SUPPLIED DATA START

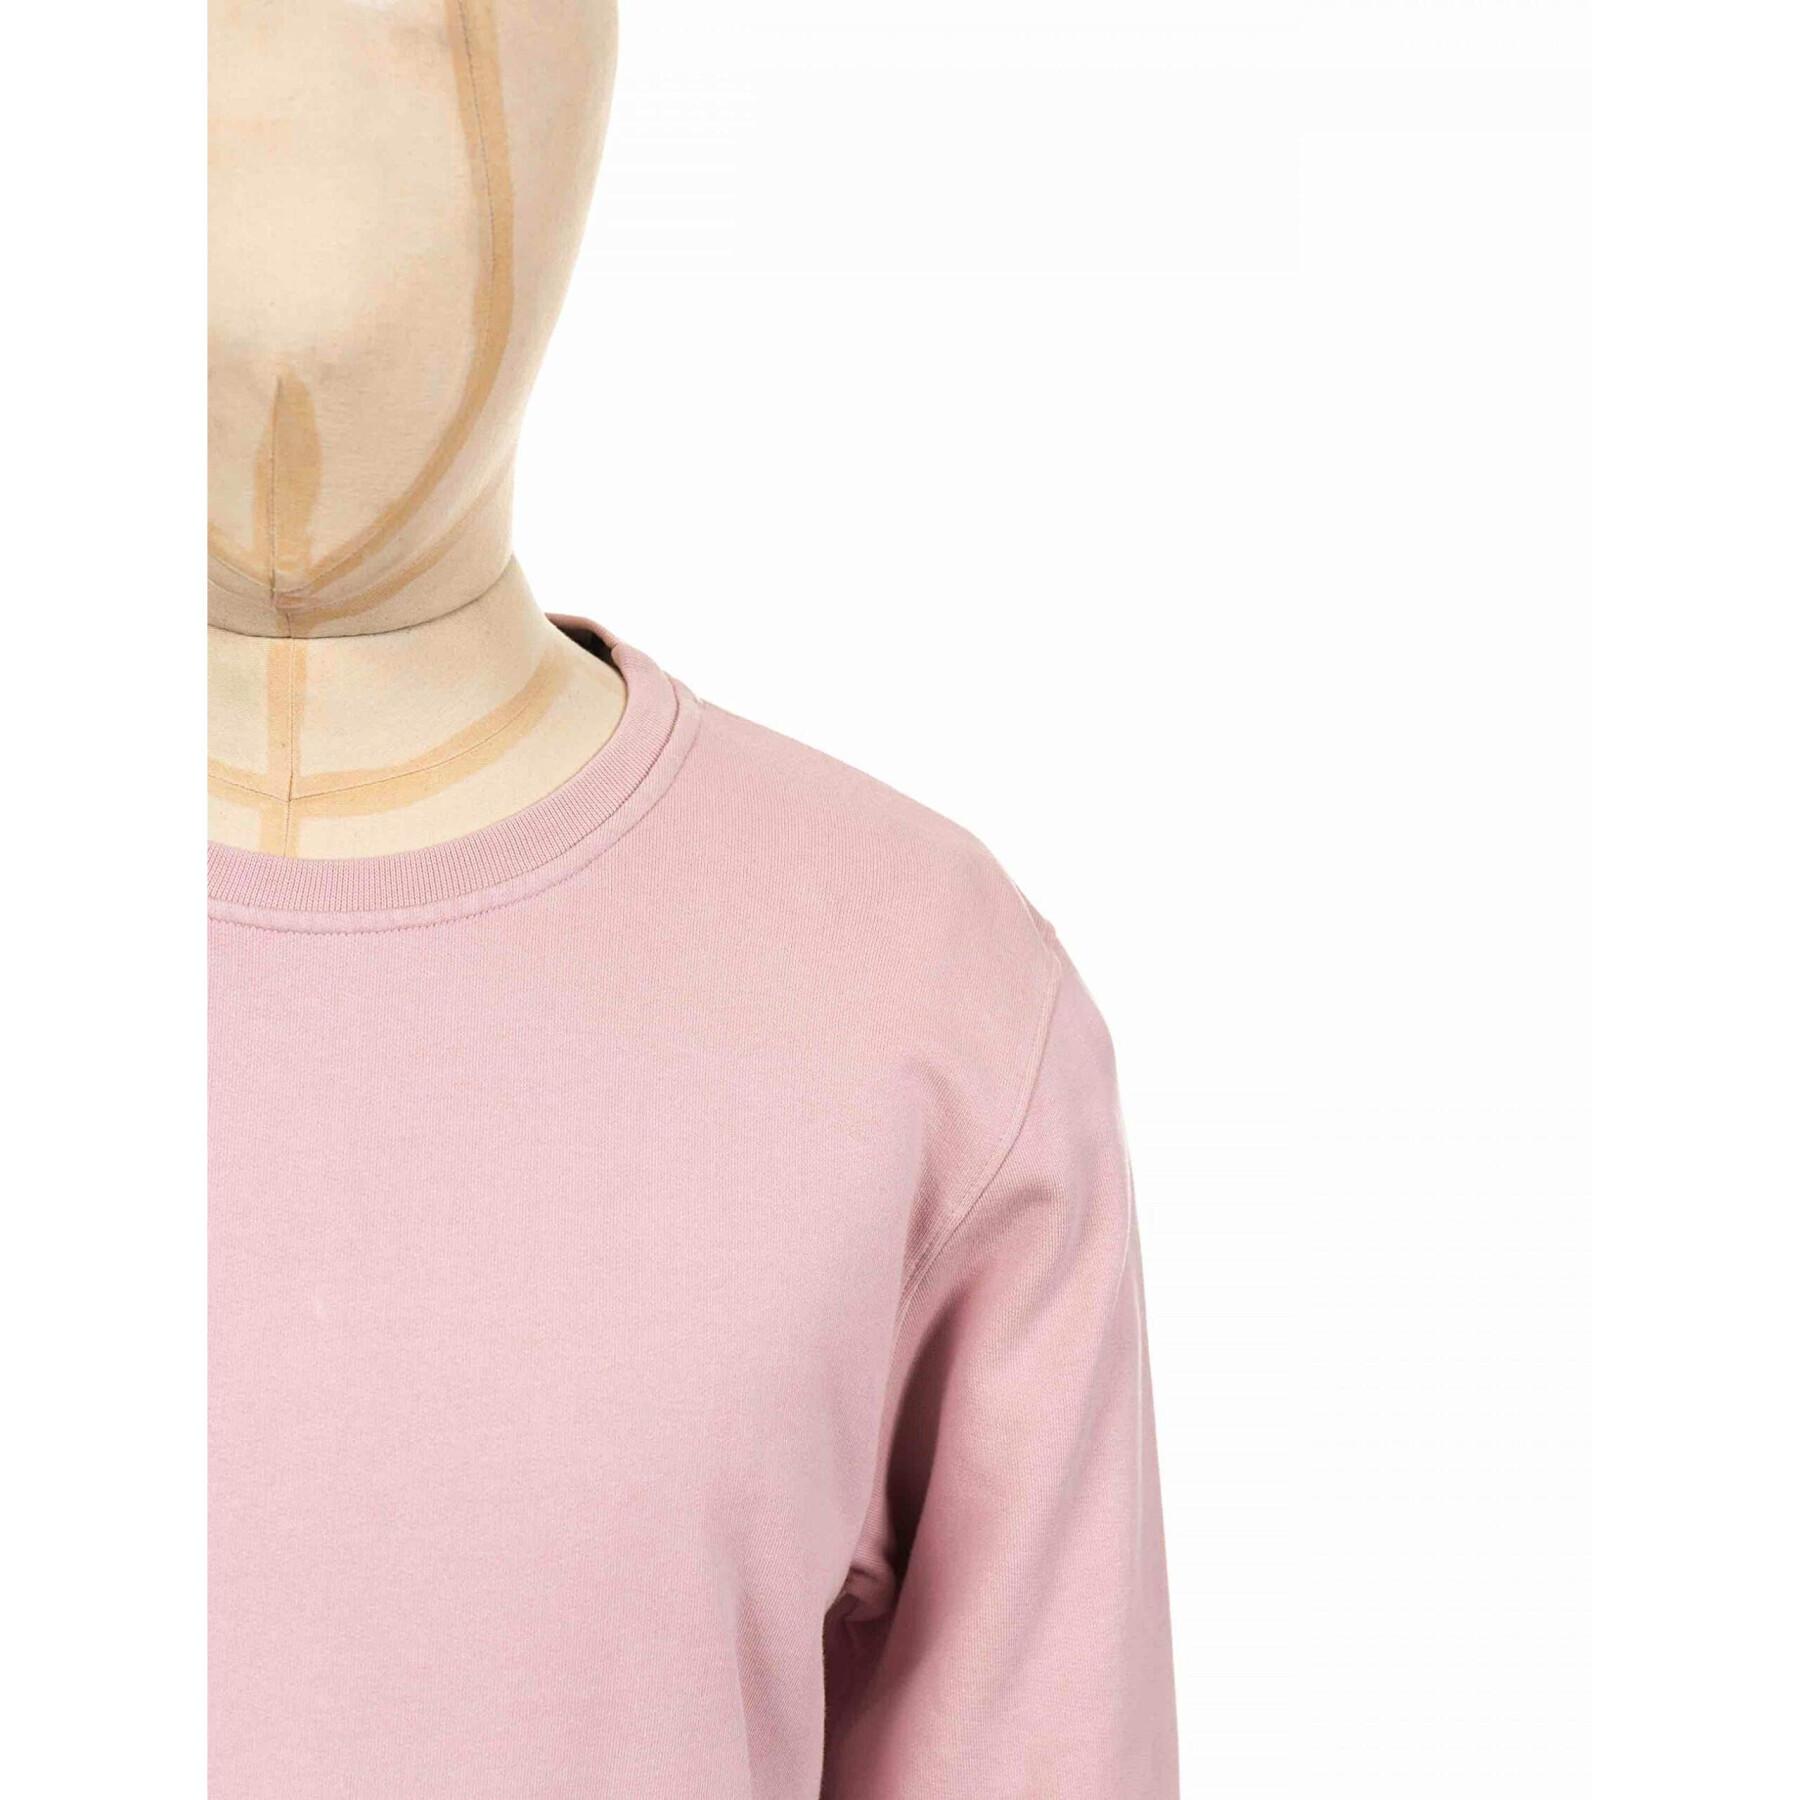 Sweatshirt round neck Colorful Standard Classic Organic faded pink
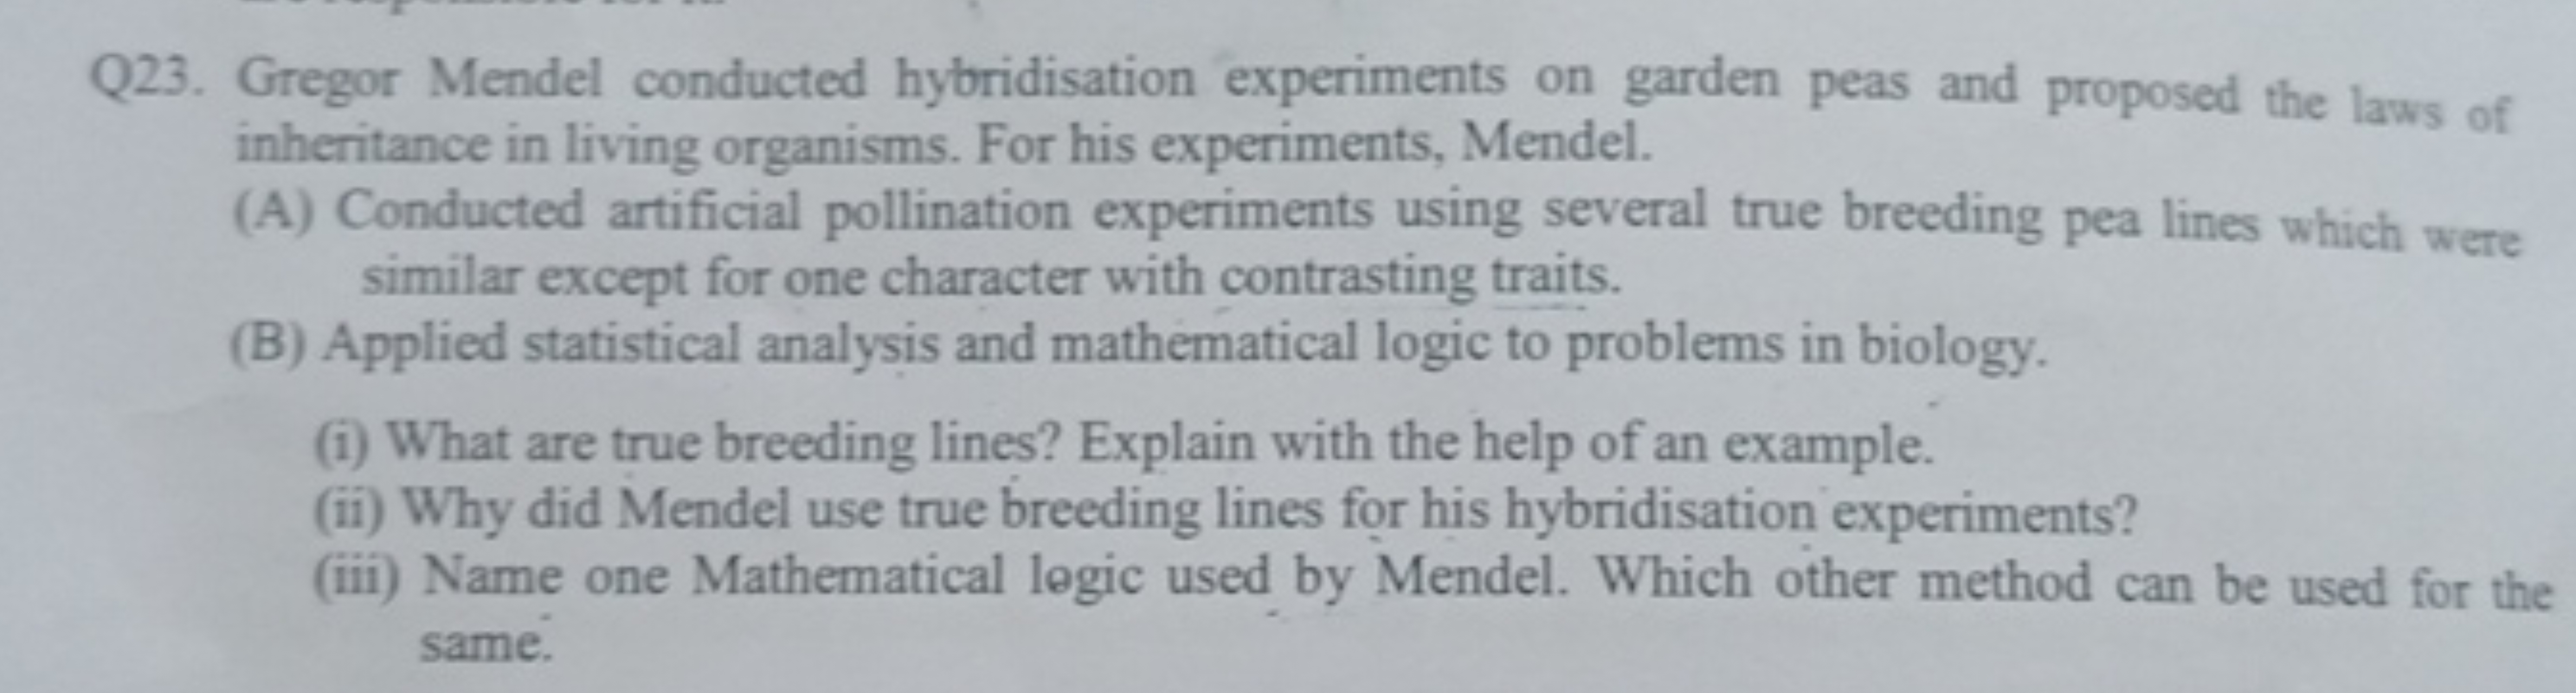 Q23. Gregor Mendel conducted hybridisation experiments on garden peas 
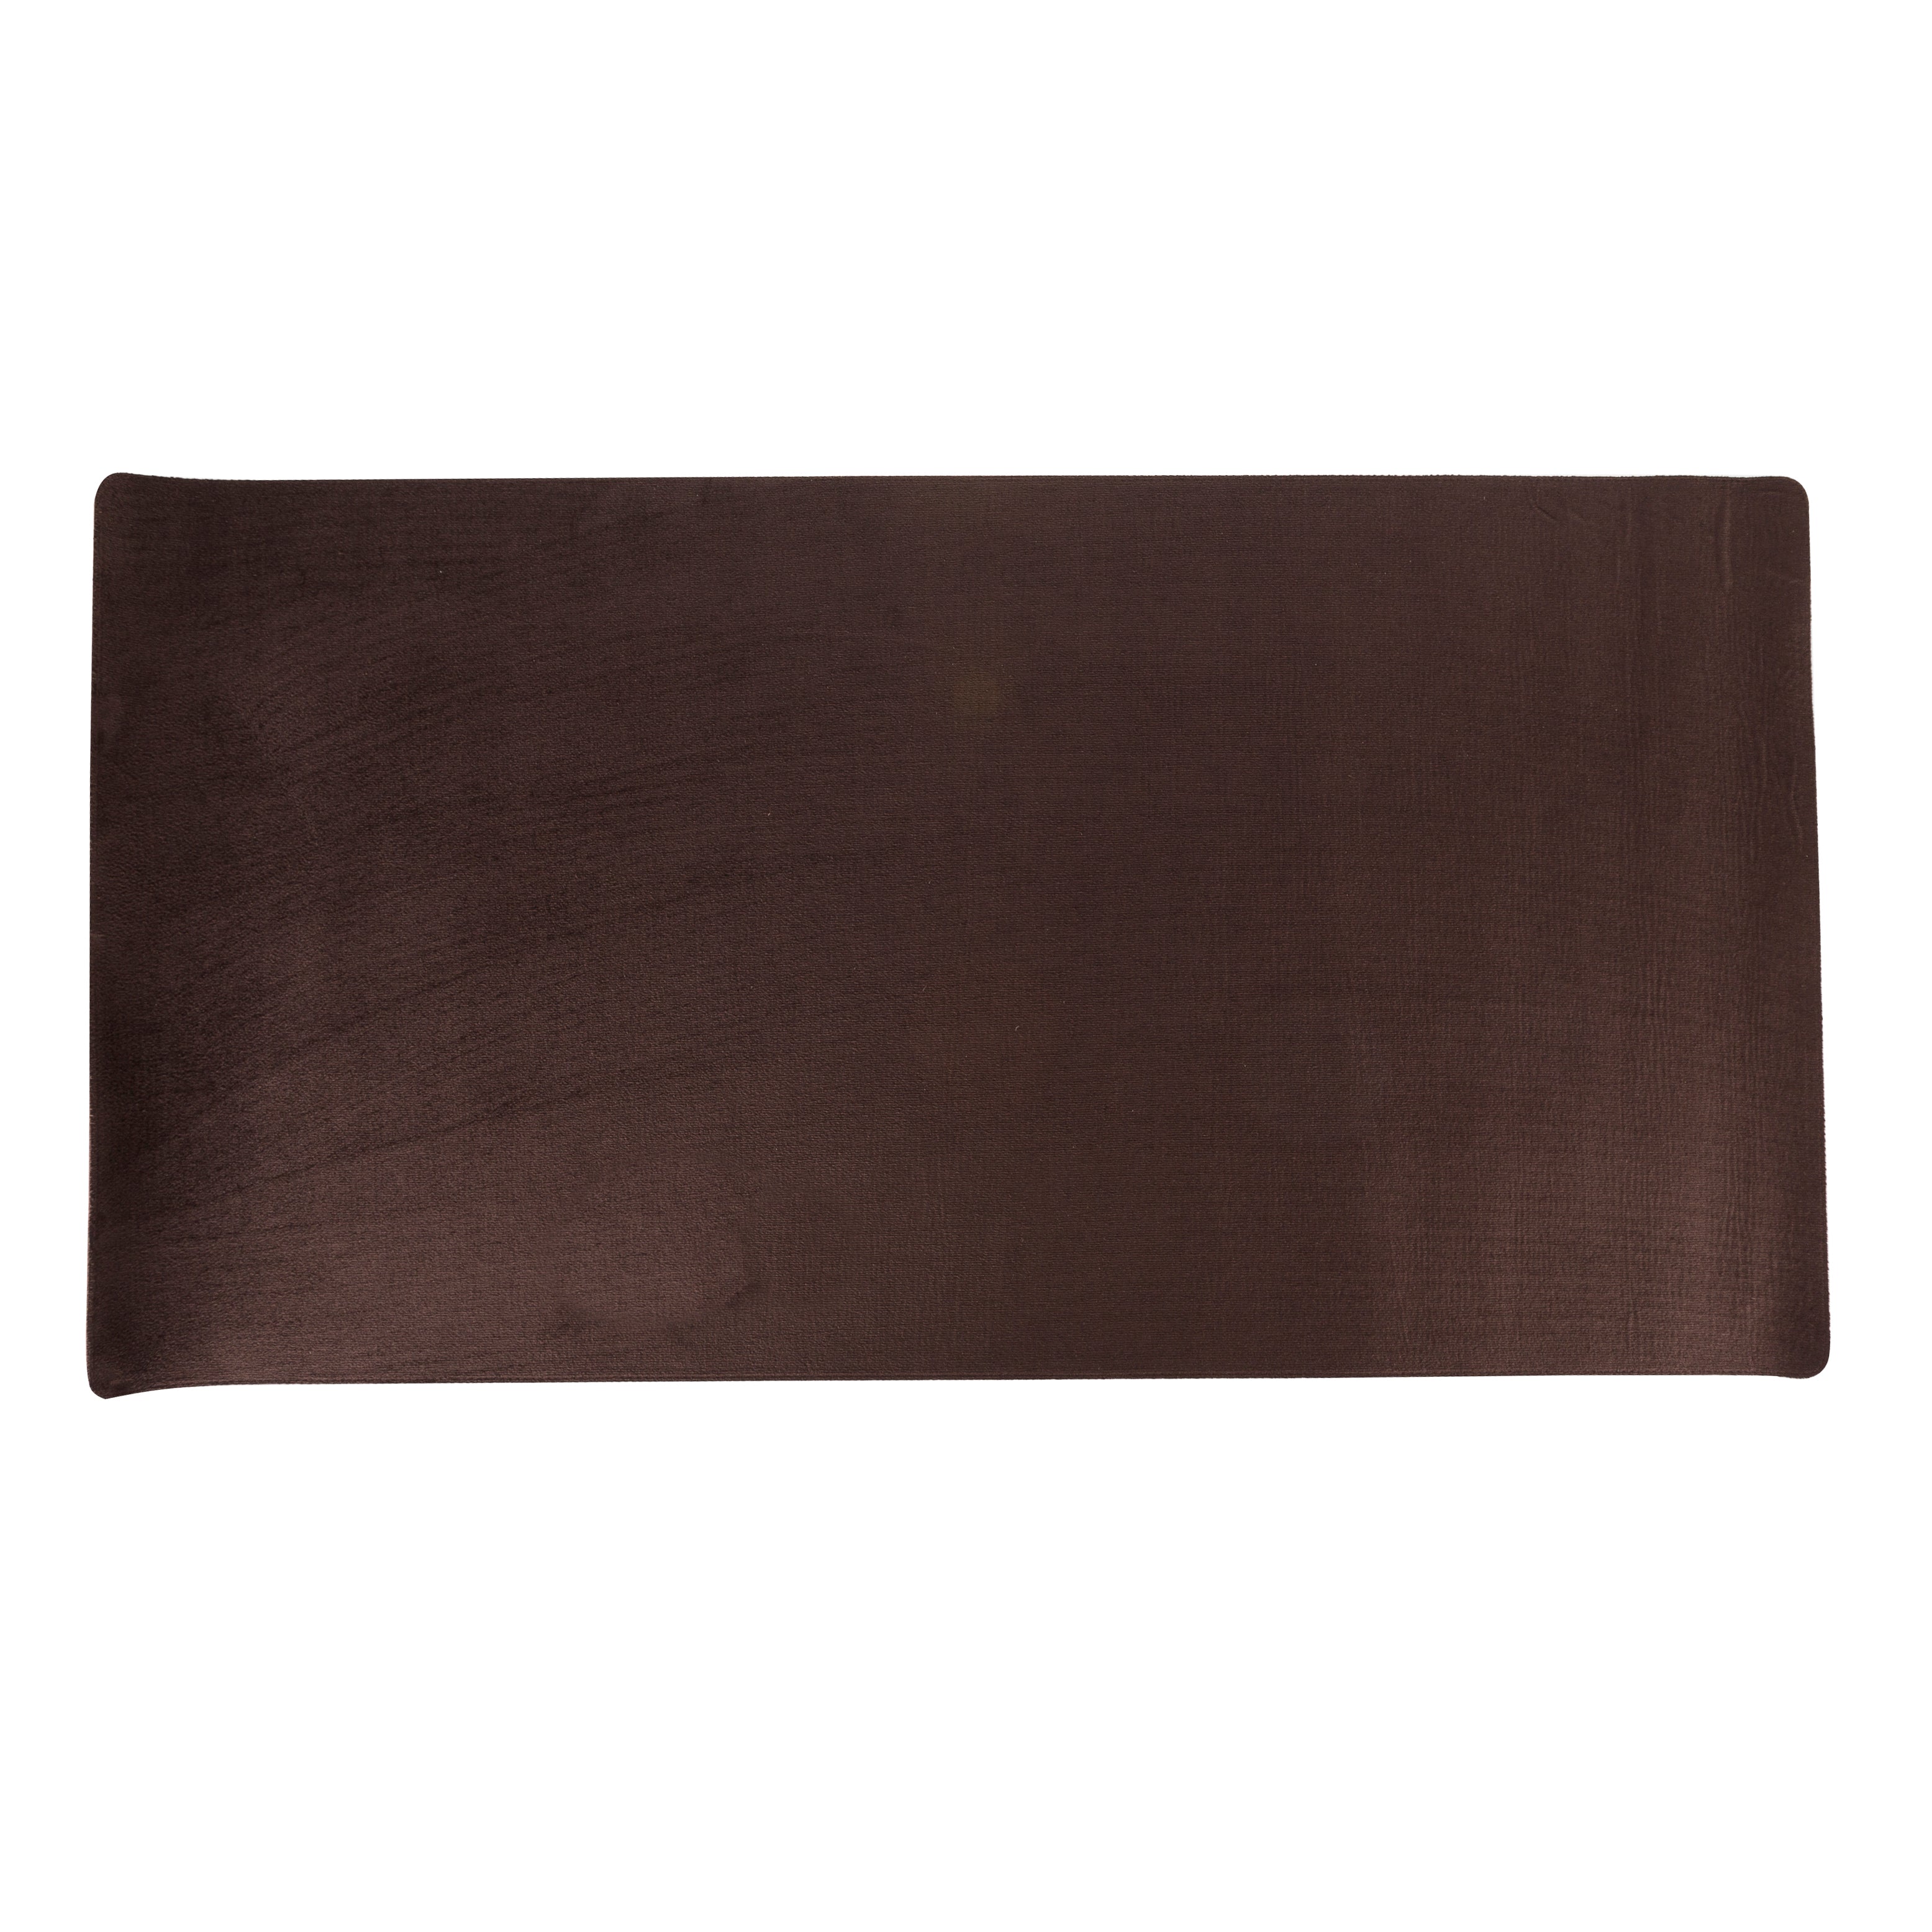 LupinnyLeather Genuine Dark Brown Leather Deskmat, Computer Pad, Office Desk Pad 4

SUPPLIED DATA END

### ACTIVITY
Could you restate the material word for word, omitting the pictures?

### RESPONSE TO THE TASK
 Sweatshirt round neck Colorful Standard Classic Organic faded pink
 Q23. Gregor Mendel conducted hybridisation experiments on garden peas 
 LupinnyLeather Genuine Dark Brown Leather Deskmat, Computer Pad, Office Desk Pad 4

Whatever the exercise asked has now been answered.